DATA EXTRACT:
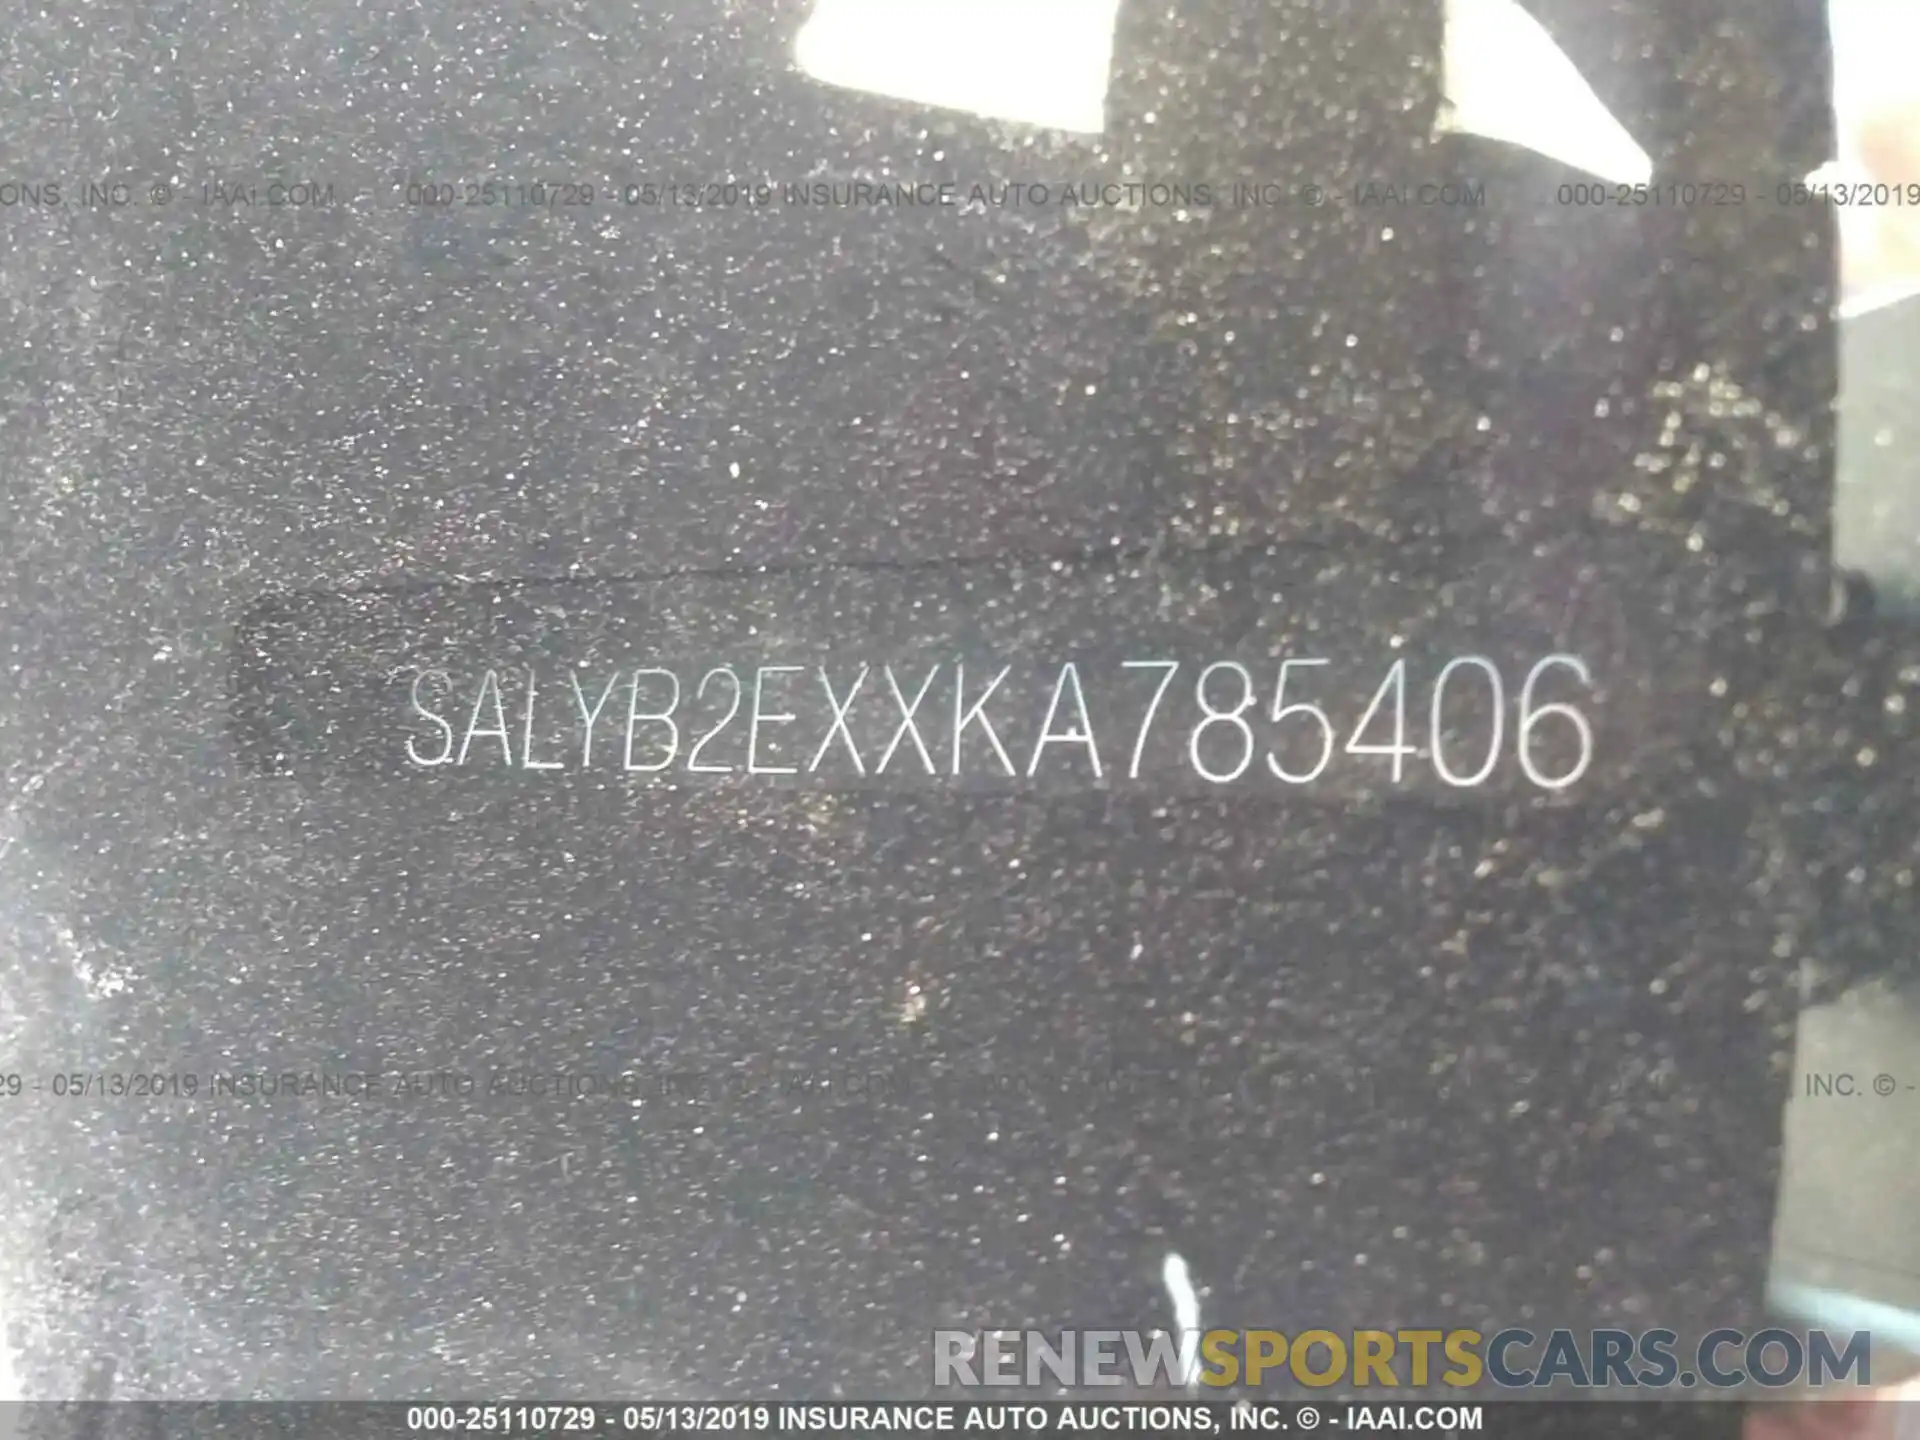 9 Photograph of a damaged car SALYB2EXXKA785406 LAND ROVER RANGE ROVER VELAR 2019
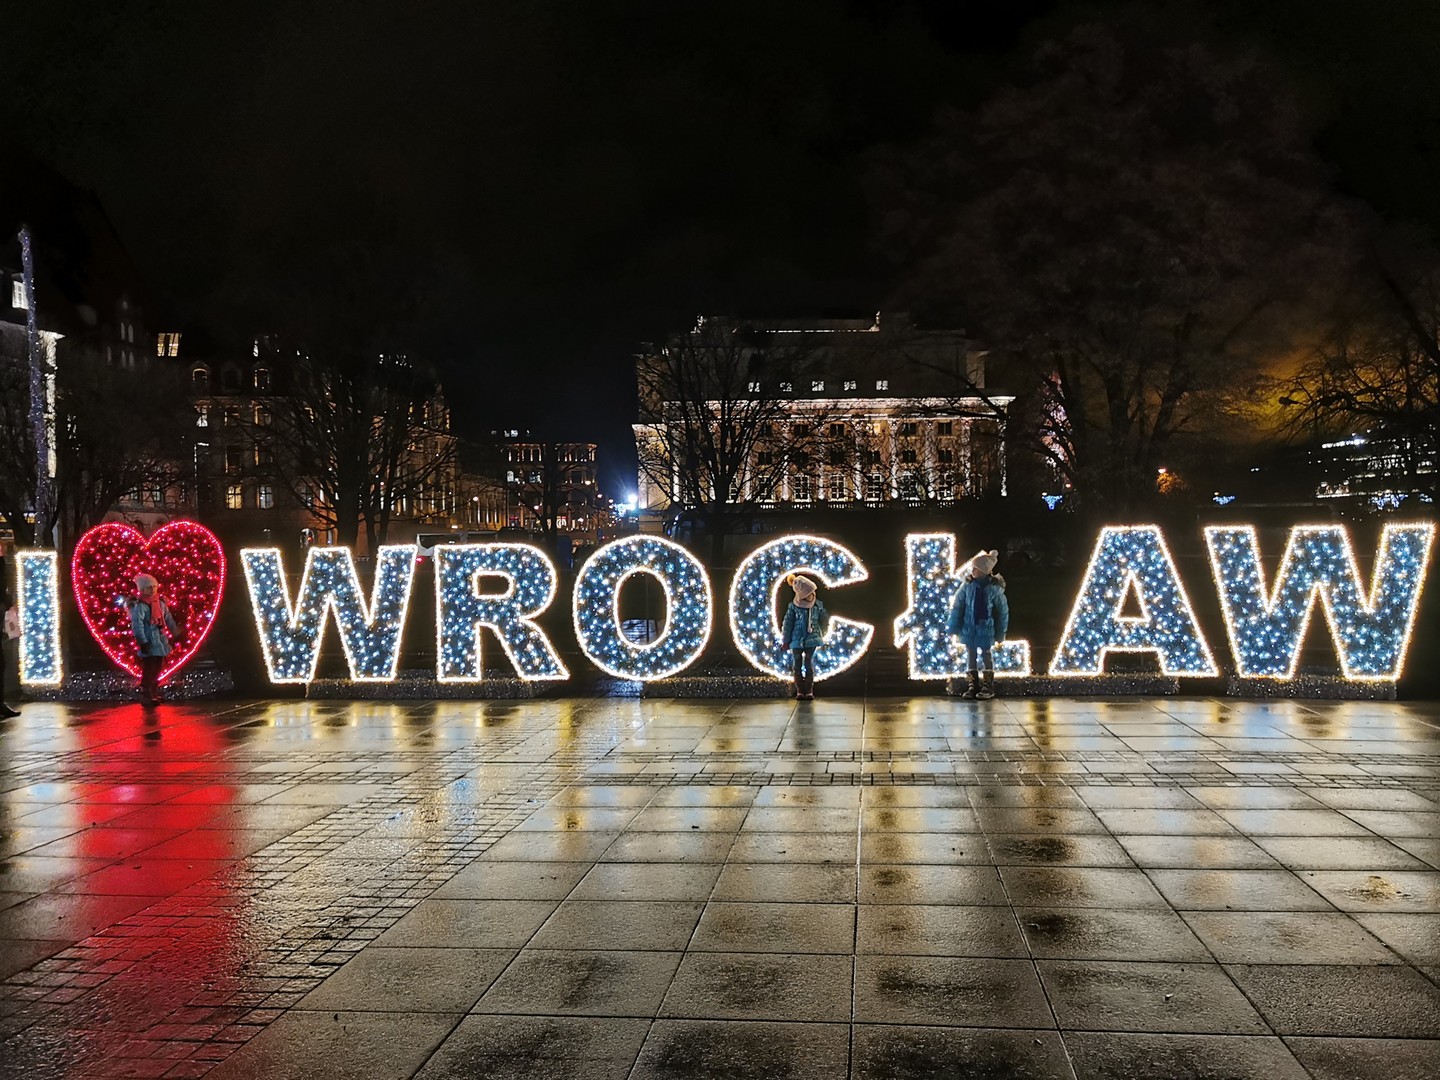 pl. Wolności, I love Wrocław
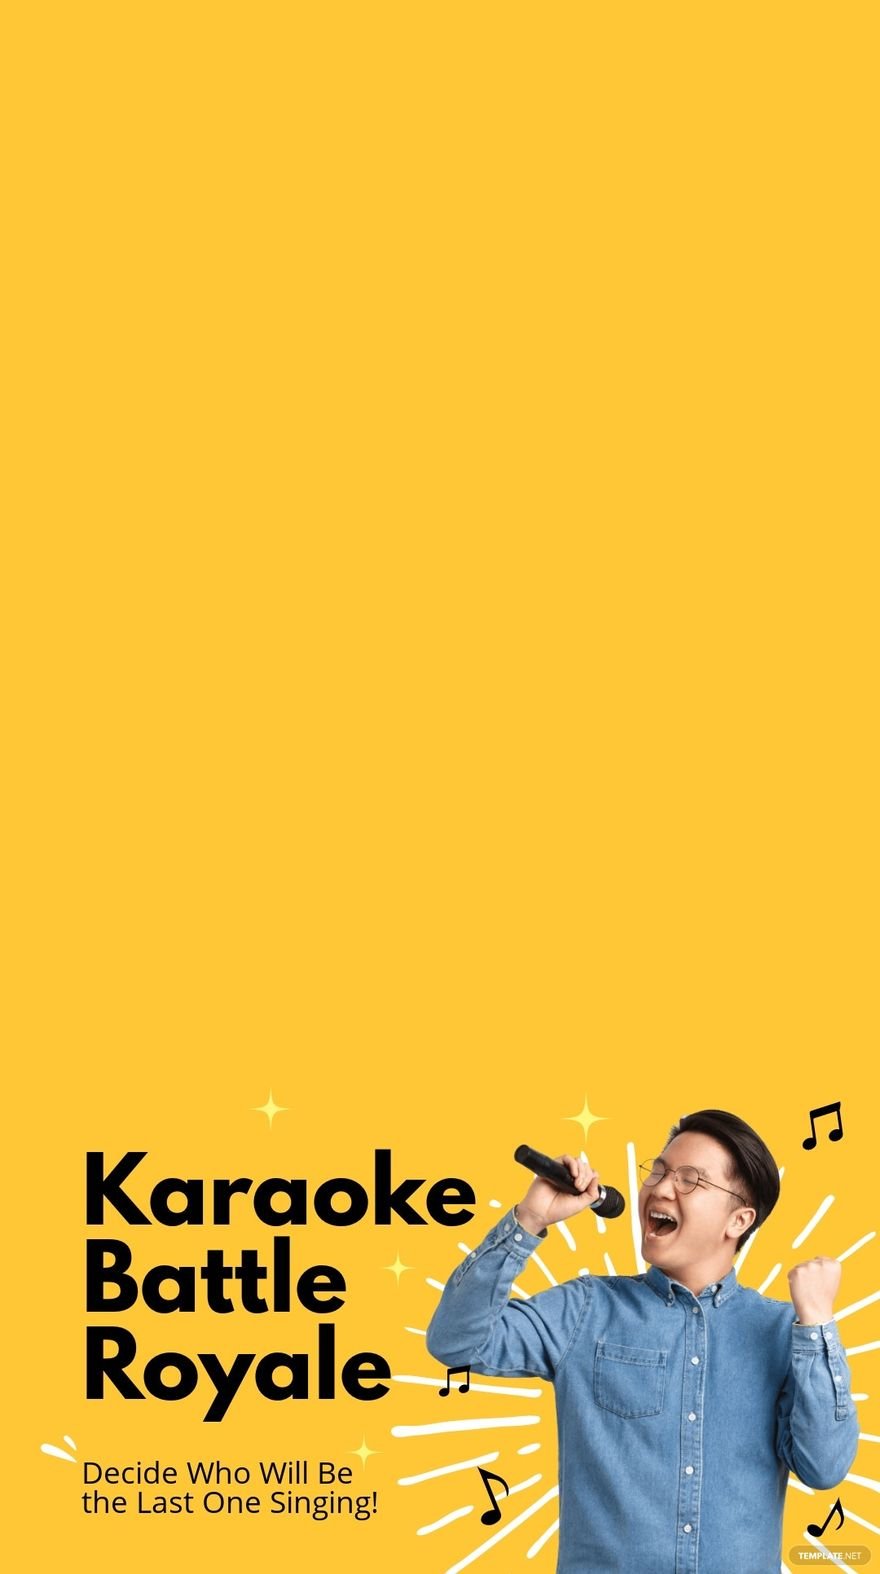 Karaoke Battle Snapchat Geofilter

THE PROBLEM:
Without any pictures, restate word for word only the lines from the one with "pl. Wolności, I love Wrocław" through the end of the listing.

EXERCISE RESULT:
 pl. Wolności, I love Wrocław
 Karaoke Battle Snapchat Geofilter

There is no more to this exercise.